#### Your objective
Produce an exact copy of all the data below, dropping every image.

#### Data shown
=== Section Start ===

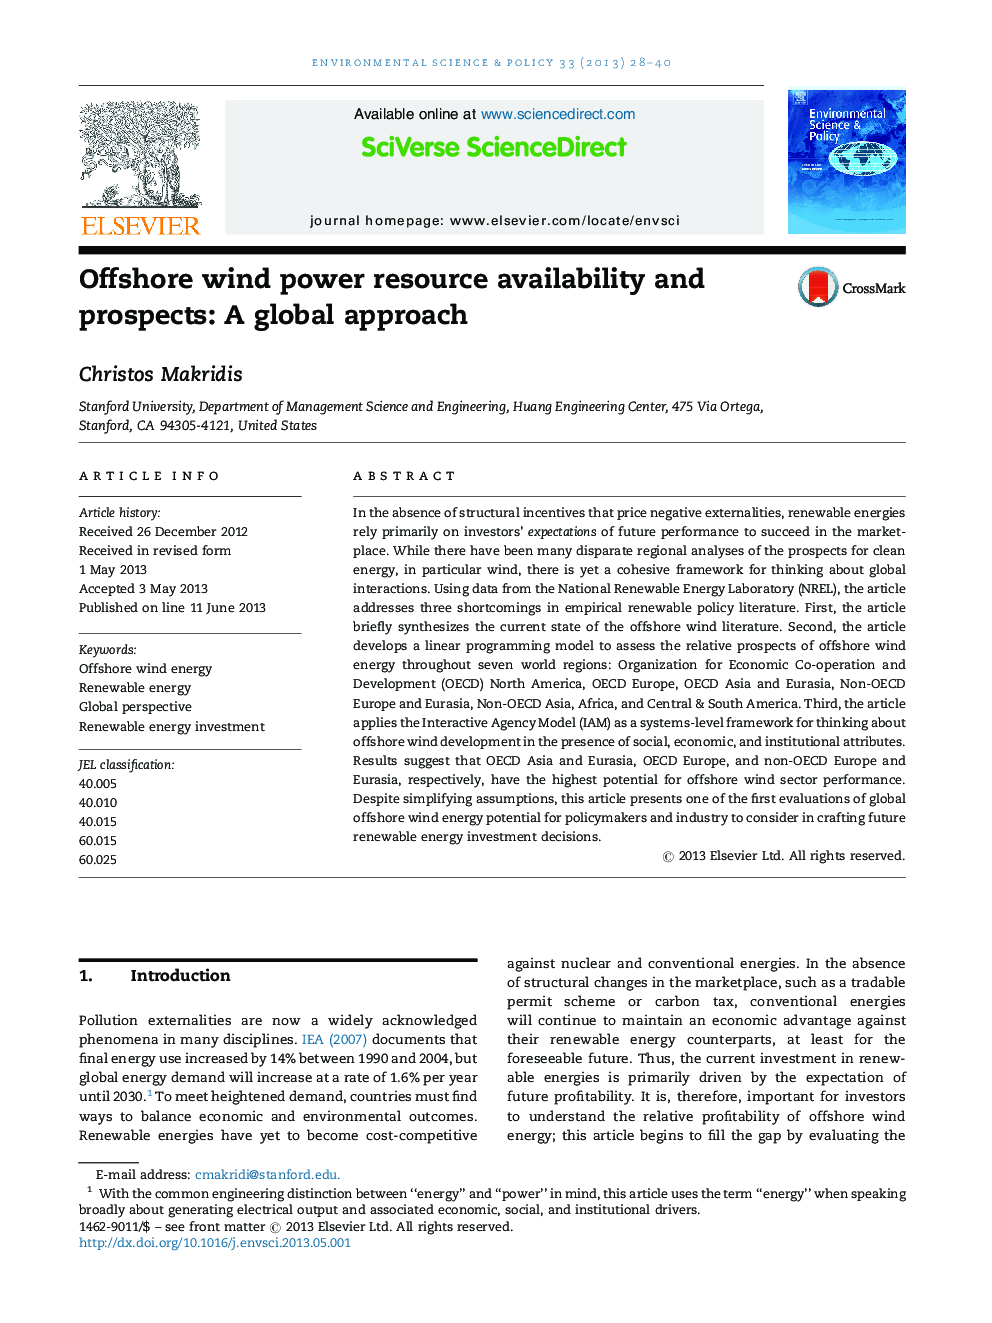 Offshore wind power resource availability and prospects: A global approach
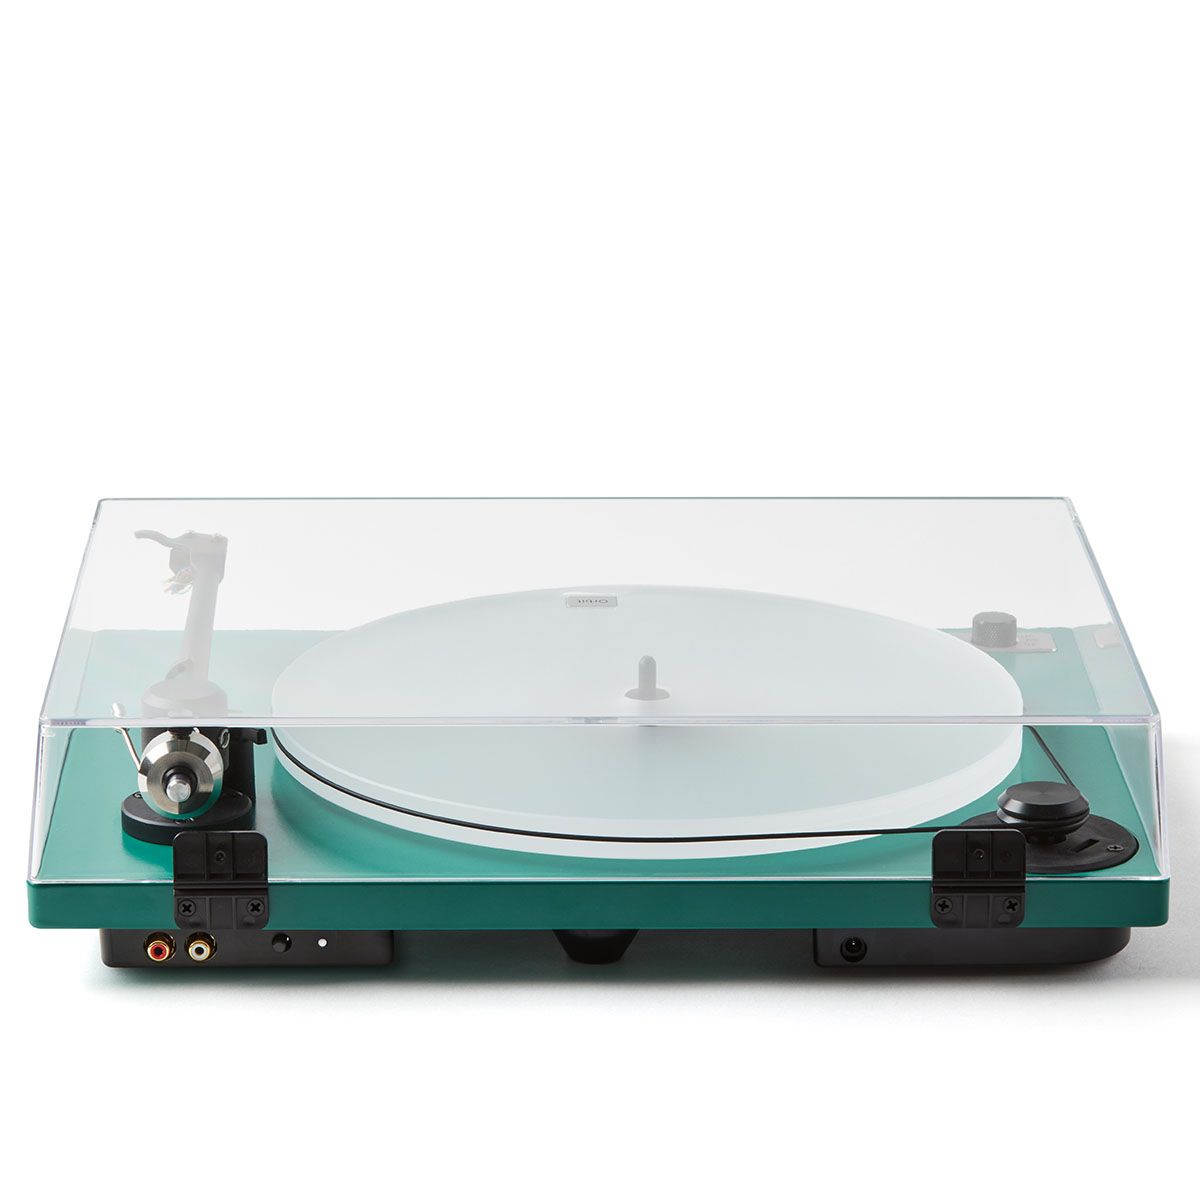 U-Turn Audio Orbit 2 Special Turntable - rear inputs with preamp - green
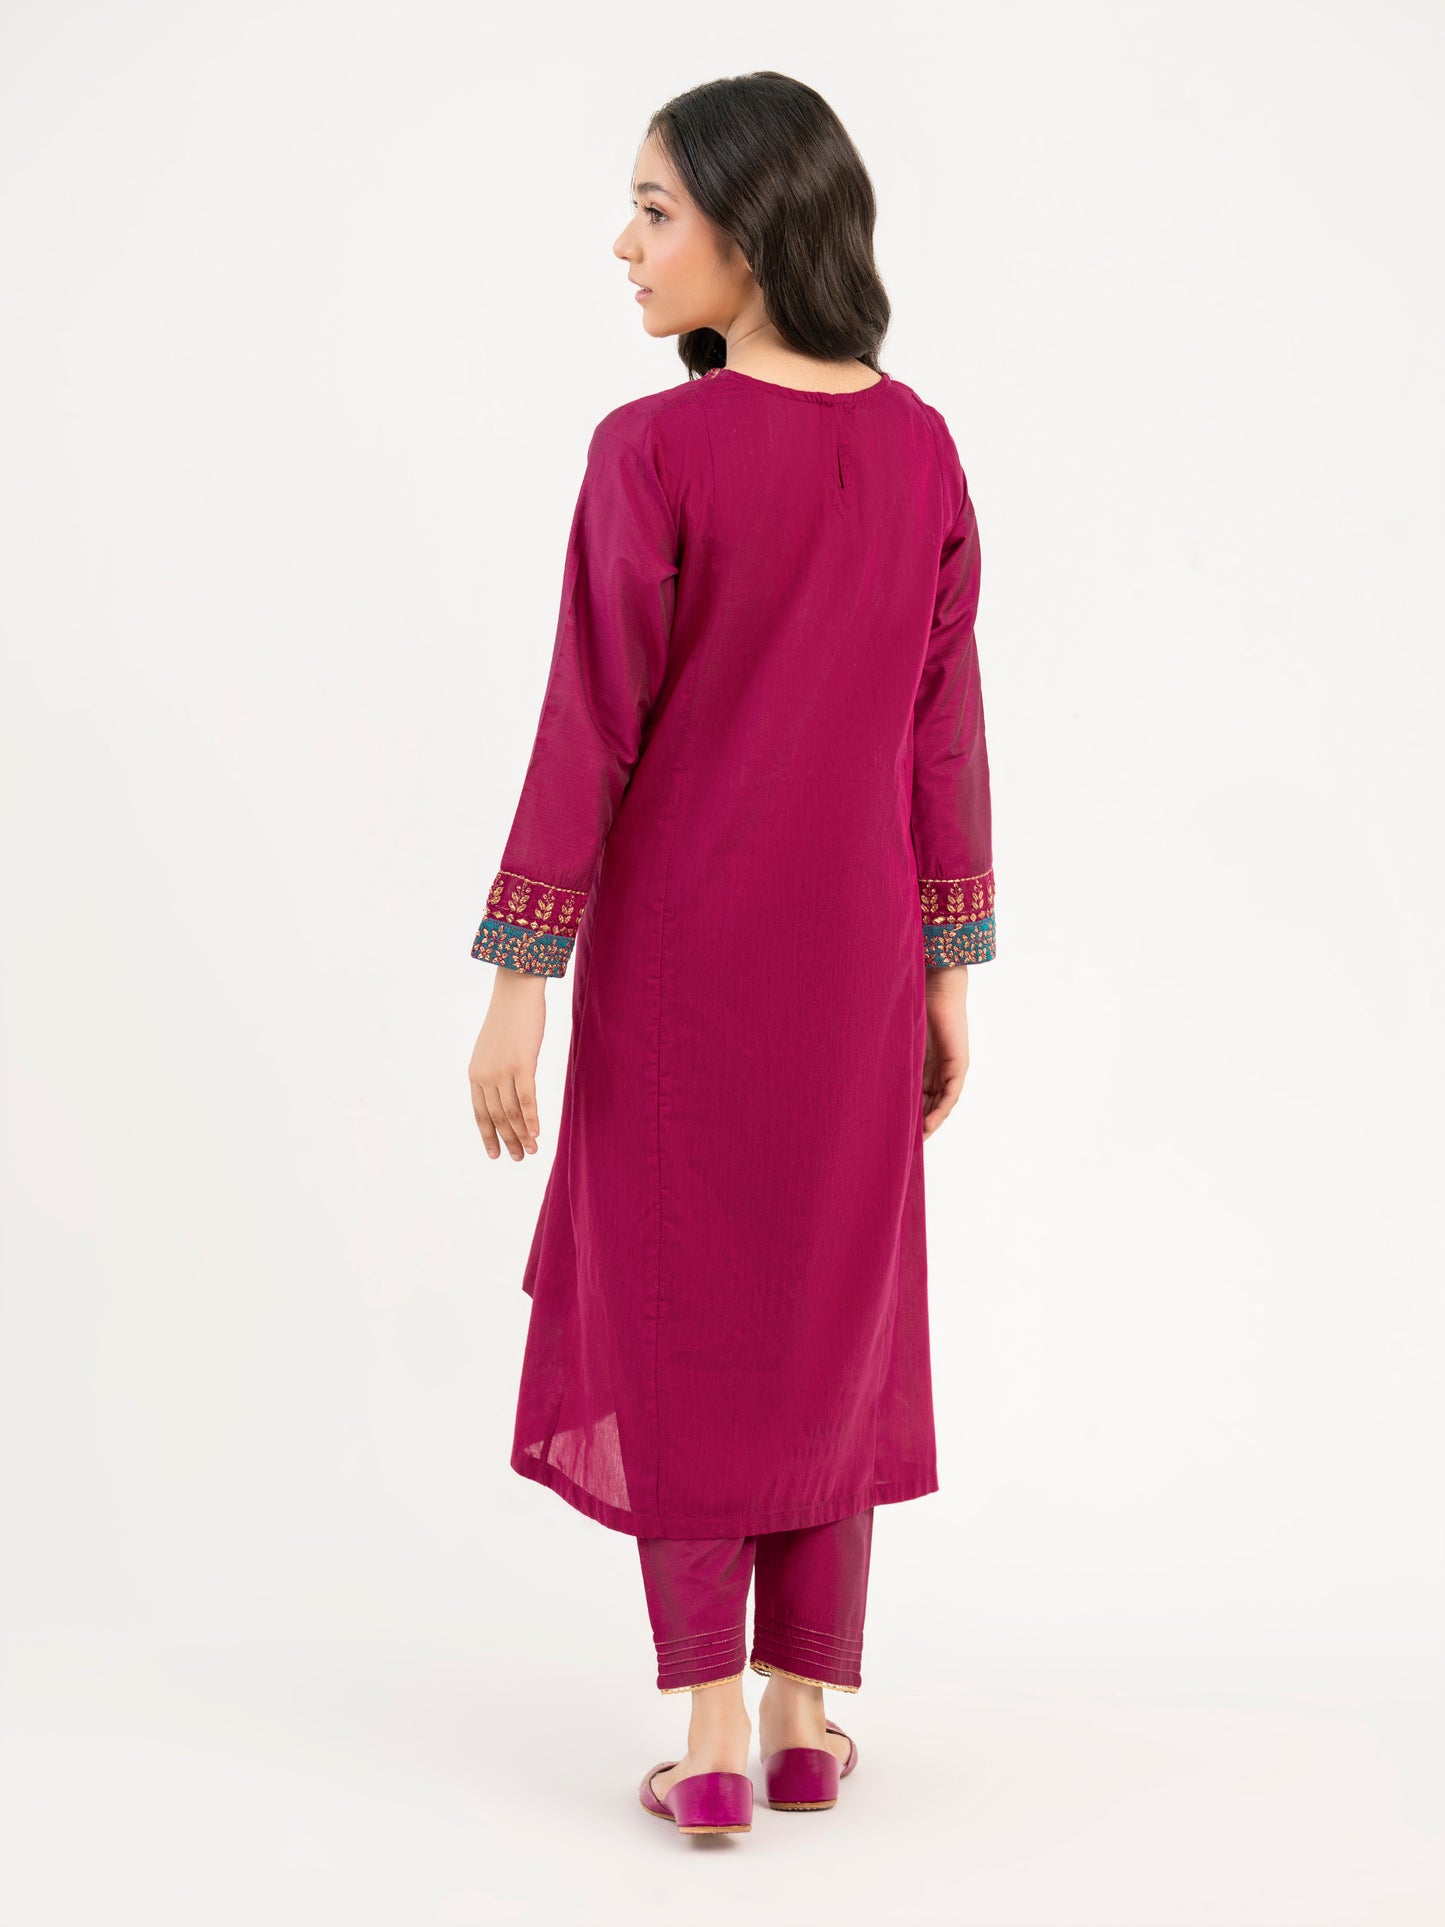 2 Piece Raw Silk Suit-Embroidered (Pret)

=== Section End ===

#### Answer box
 Offshore wind power resource availability and prospects: A global approach
 U-Turn Audio Orbit 2 Special Turntable - rear inputs with preamp - green
 2 Piece Raw Silk Suit-Embroidered (Pret)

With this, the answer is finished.